◆ Data excerpt
<<<<

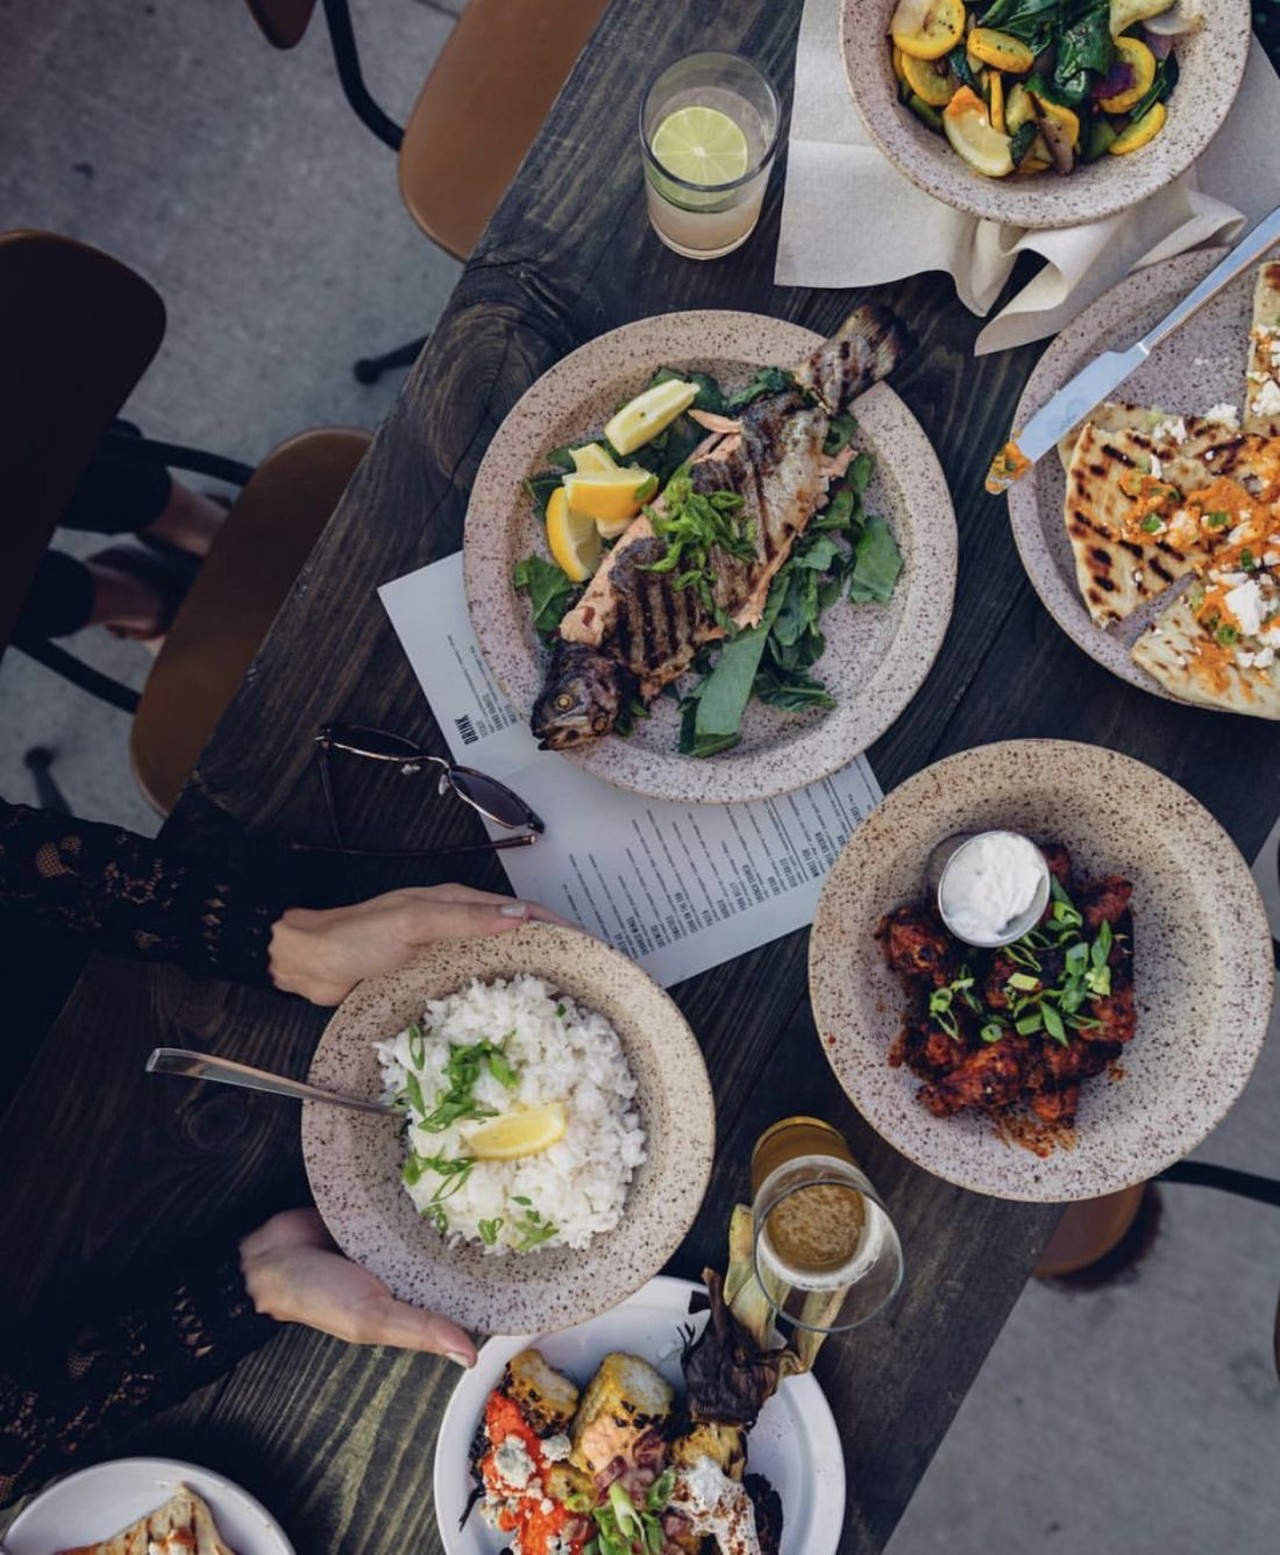 Gather 
1454 Gratiot Ave., Detroit 
Focusing on its affordability, Gather has renovated the concept of dining. For a party of six, one menu item is enough to share and cooked above &#147;campfire&#148; flames. Gather creates the perfect cozy spot near the Eastern Market.
Photo via Instagram user, @christiannkoepke

>>>>

◆ Task instructions
Please give the material above again in full, with no pictures in your version.

◆ Written solution
 Gather 
1454 Gratiot Ave., Detroit 
Focusing on its affordability, Gather has renovated the concept of dining. For a party of six, one menu item is enough to share and cooked above &#147;campfire&#148; flames. Gather creates the perfect cozy spot near the Eastern Market.
Photo via Instagram user, @christiannkoepke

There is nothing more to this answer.